Ils sont aussi une manière de nous rappeler fermement qu’une même image pose différents types de problèmes, dès lors que l’on fait porter l’accent de l’analyse sur tel ou tel aspect de cette image. Pourquoi est-on ici au-delà de la simple évidence ? Parce que ce sont des problèmes de conditions esthétiques différentes qui peuvent être soulevés et constitués par l’analyse. Des problèmes qui, par exemple, ne prennent leur sens que dans le cadre restreint de l’esthétique particulière d’un auteur. Des problèmes qui, au contraire, prennent leur sens lorsqu’on restitue les choix stylistiques d’un auteur dans le cadre plus général du langage cinématographique et de l’esthétique du cinéma. Or, dès lors que l’on s’intéresse à la relation qui s’établit entre les situations entre deux personnes et les manières de les donner à voir, deux grands niveaux problématiques paraissent pouvoir être distingués, intéressants aussi parce qu’ils semblent se situer aux antipodes dans le travail de problématisation.
À un premier niveau, le travail de problématisation analytique consiste à s’immerger au cœur de la relation qui s’établit entre une situation entre deux personnes et la manière dont elle est montrée. En ce sens, la problématisation peut être dite immanente, parce qu’elle n’entend s’appuyer sur rien d’autre au départ que sur la nature et la description de la relation. Bien entendu, il ne saurait s’agir de s’intéresser par le menu à toutes les séquences entre deux personnes et à la relation particulière qui chaque fois se tisse entre la situation entre deux personnes et le mode de filmage. Mais afin de donner un maximum d’écho aux problèmes rencontrés, il s’agira de s’intéresser à des enjeux cruciaux et dominants dans l’esthétique des films de la quatrième période.
Au second niveau, le travail de problématisation inscrit d’emblée la réflexion dans un cadre esthétique plus large. Il consiste à prendre acte de la particularité de certains choix de représentation dont peuvent faire preuve les films de la quatrième période lorsqu’il s’agit de donner à voir une situation entre deux personnes aussi banale qu’une conversation. Mais il consiste simultanément à constater que ces choix de représentation paraissent venir s’inscrire en concurrence d’une figure reine du langage cinématographique – le champ-contrechamp – pour montrer alors tout ce que ces choix de représentation peuvent avoir de singulier sur le plan représentationnel. La signification naît d’abord ici de la confrontation. De la sorte, on peut dire que la problématisation est ici transcendante, parce qu’elle inscrit la réflexion dans un cadre qui excède pour bonne part les scènes analysées.

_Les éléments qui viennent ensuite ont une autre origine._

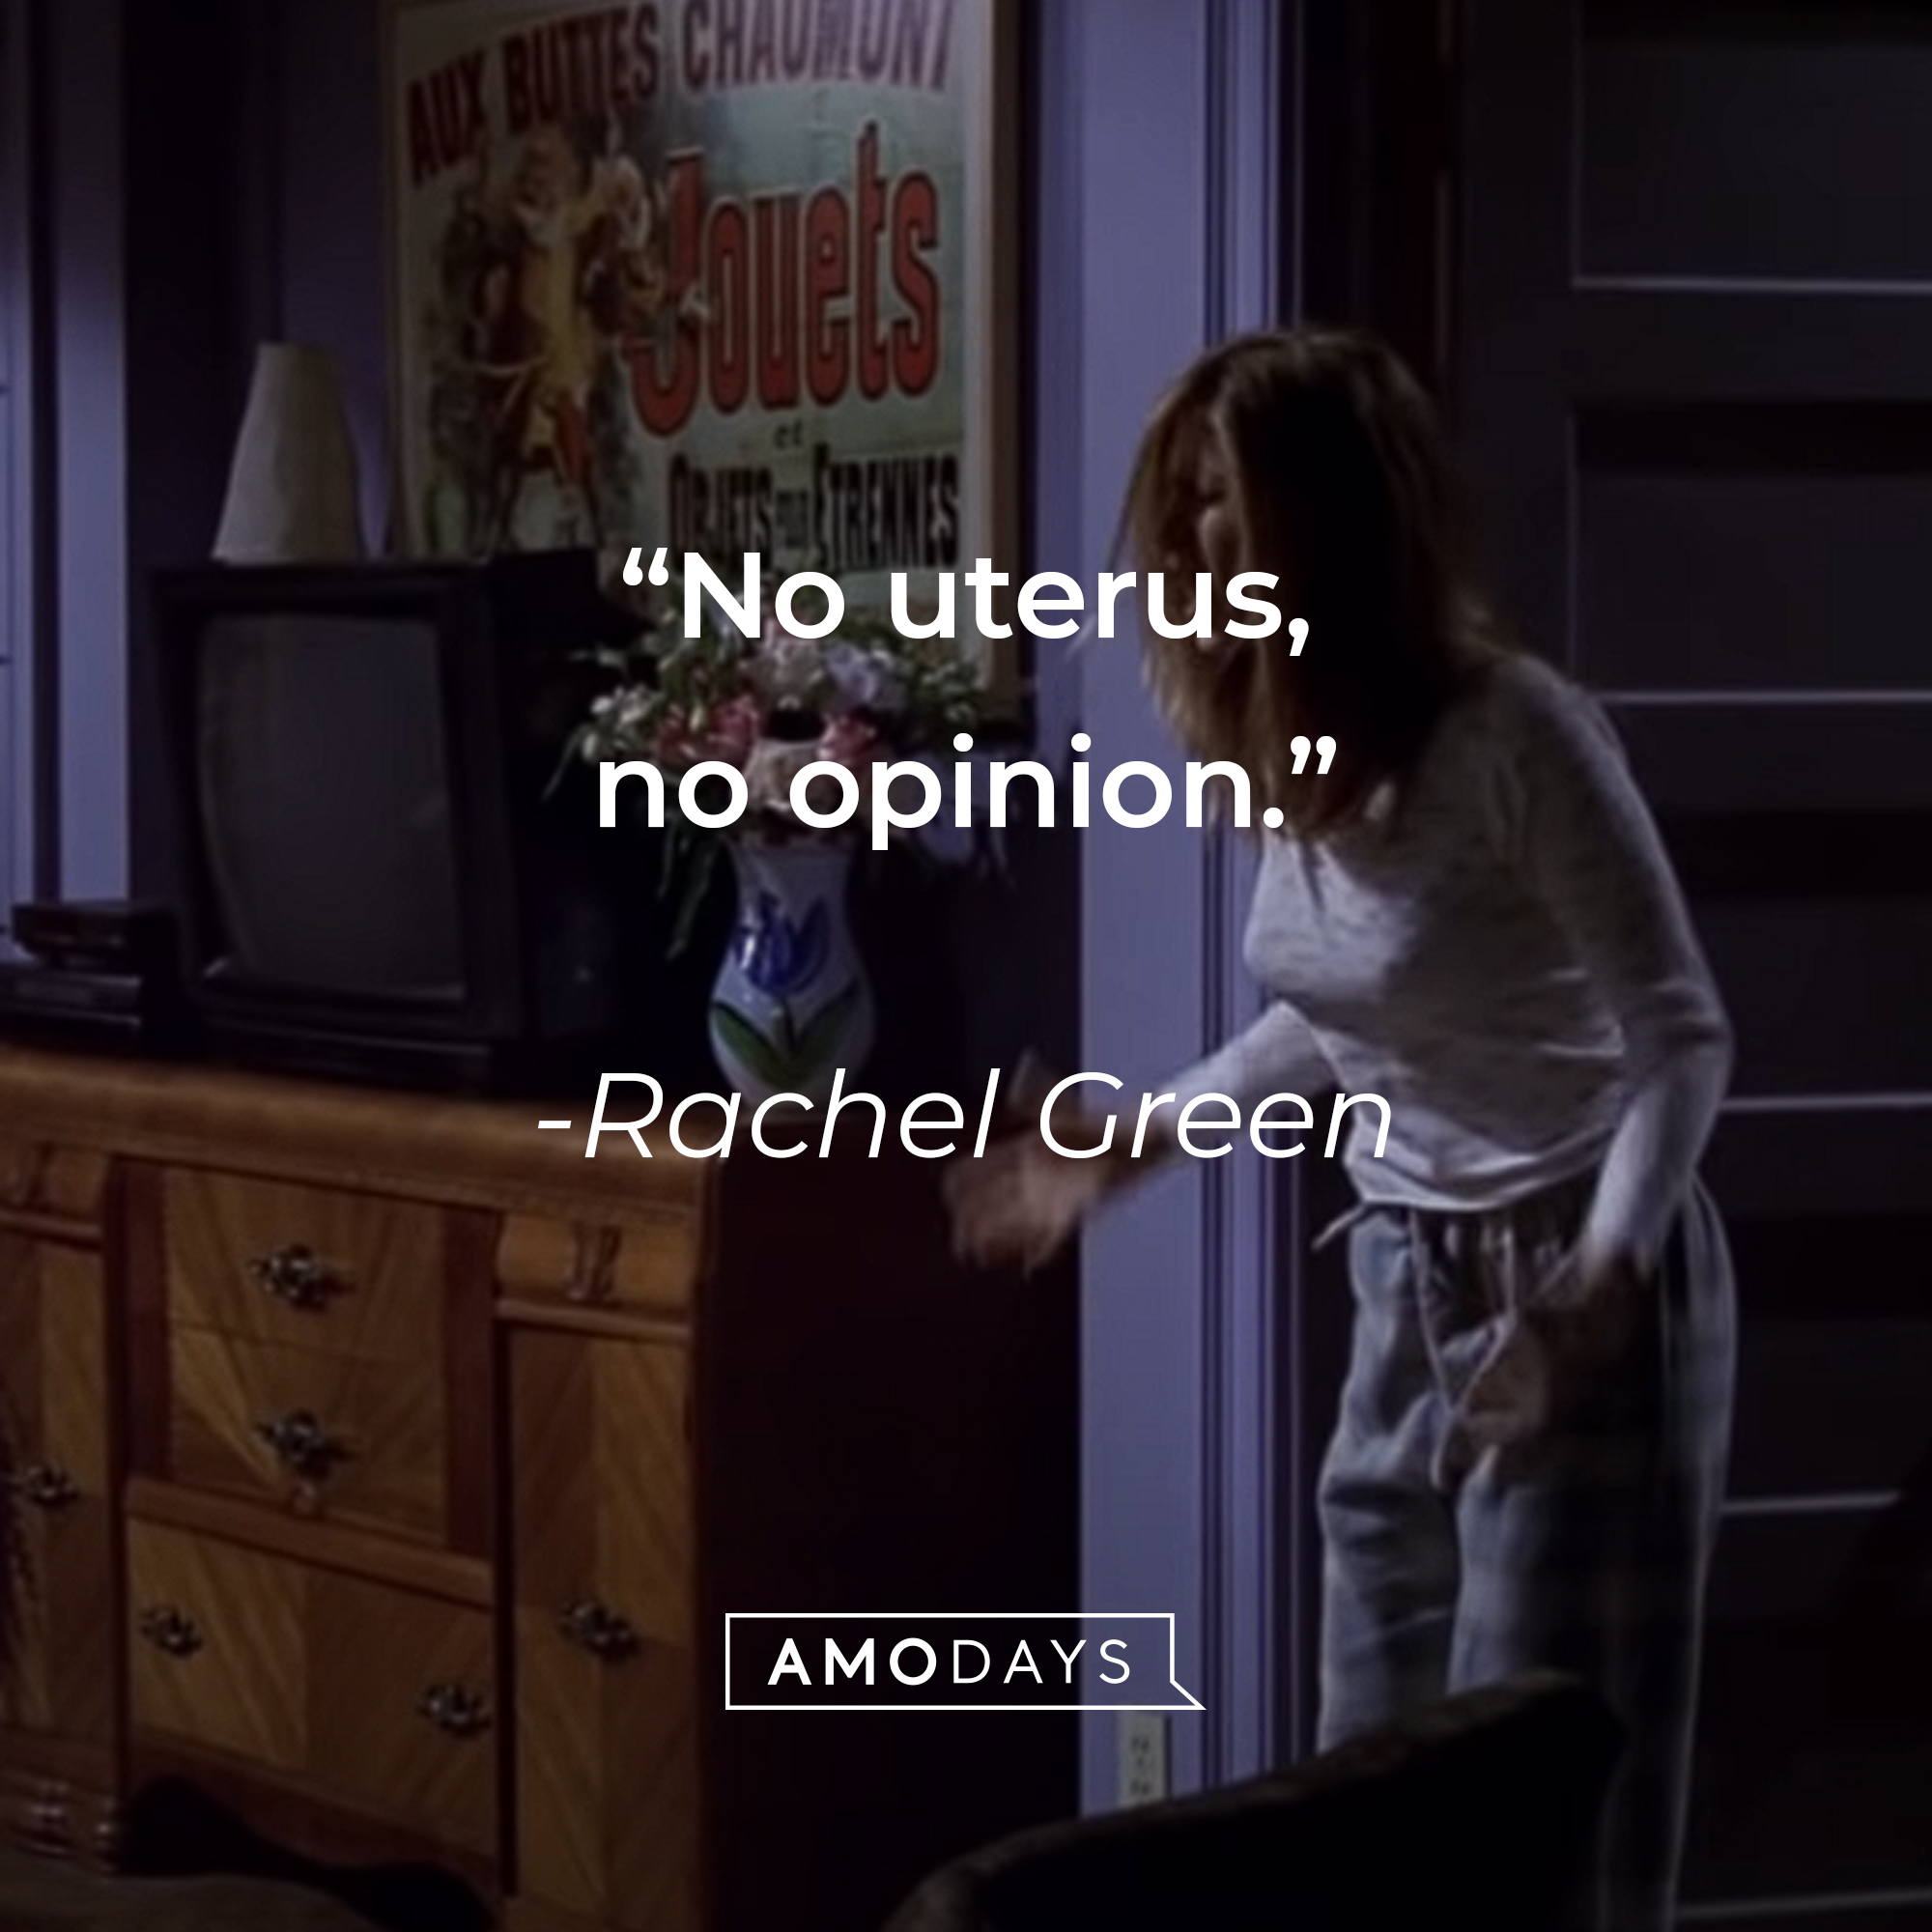 Rachel Green's quote: "No uterus, no opinion." | Source: youtube.com/warnerbrostv
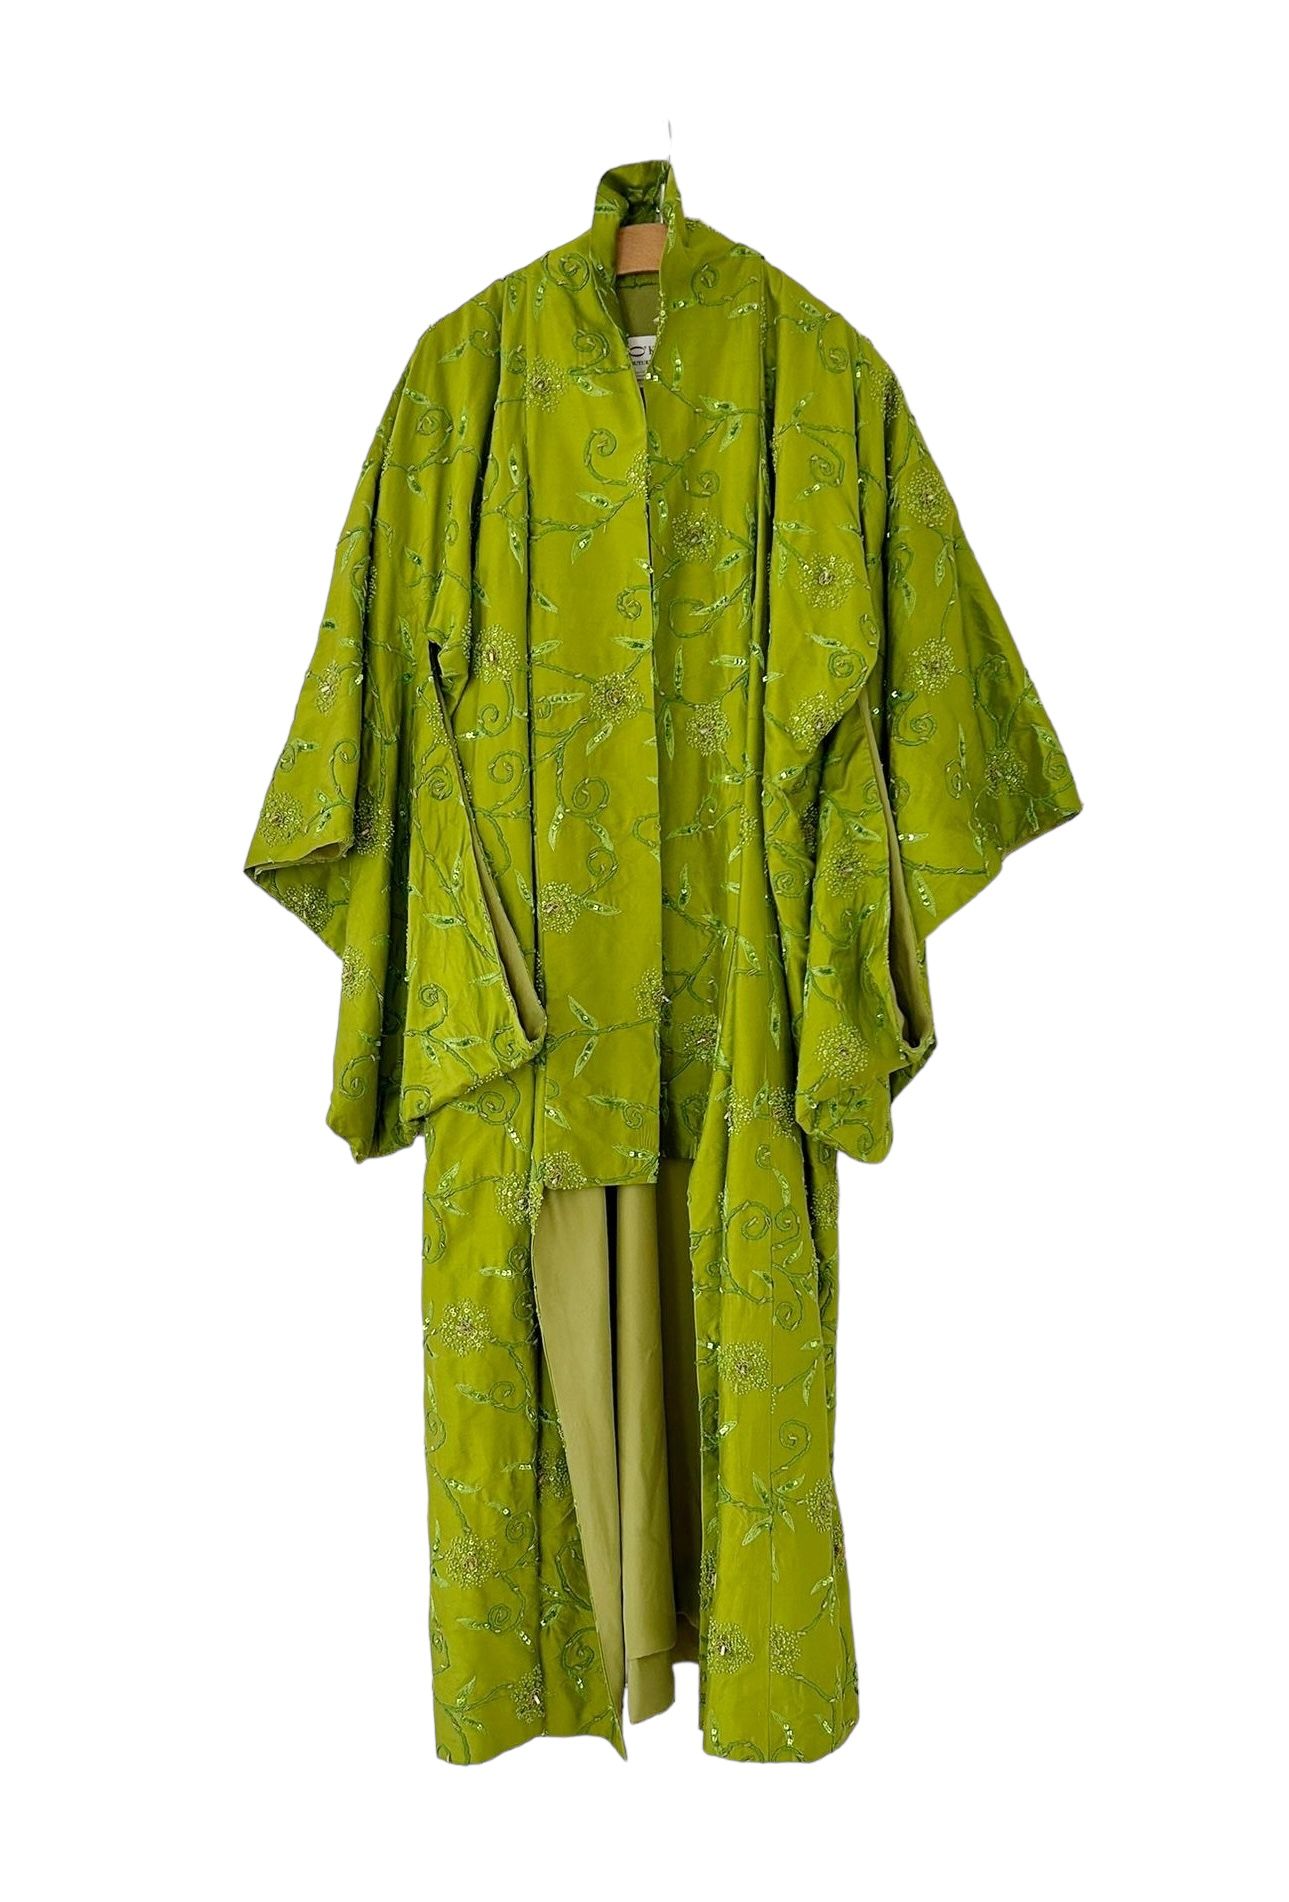 PIO O' KAN - Kimono dame En soie de tonalité verte, brodée et ornementée de pail&hellip;

Ces deux grands niveaux de problématisation constituent, chacun à leur tour, la matière des lignes qui suivent. Mais l’horizon d’un travail de problématisation à partir des solutions filmiques qui se présentent à l’analyse est nécessairement celui du sens – fût-il suspendu selon la fameuse formule de Roland Barthes 361 . Il s’agit pourtant moins pour l’analyste de rendre compte du sens que de s’engager dans la voie du sens, en se demandant « comment » une image « s’y prend […] pour délivrer son sens. » 362 L’exigence de l’analyse, si elle est, presque fatalement, de se risquer en dernière instance sur la voie de l’herméneutique en posant la question du « pourquoi » 363 , est d’abord de prendre position sur le « comment » se fabrique et se transmet le sens. C’est la raison pour laquelle l’optique des lignes qui suivent sera beaucoup moins de dire le sens que de repérer comment se négocie le sens entre le dramatique et le filmique à travers la question du « donner à voir » quand elle s’enracine dans la monstration de situations entre deux personnes.
Roland Barthes, Le Grain de la voix, Entretiens (1962-1980), Paris, Seuil, coll. « Points essais », 1981, p. 27.
Jacques Aumont, op. cit., p. 246.
Par exemple, Laurent Jullier fragmente et distribue le travail analytique selon trois grands ordres de questions : « quoi ? », « comment ? », « pourquoi ? » Cf. Laurent Jullier, L’Analyse de séquences, op. cit., p. 8.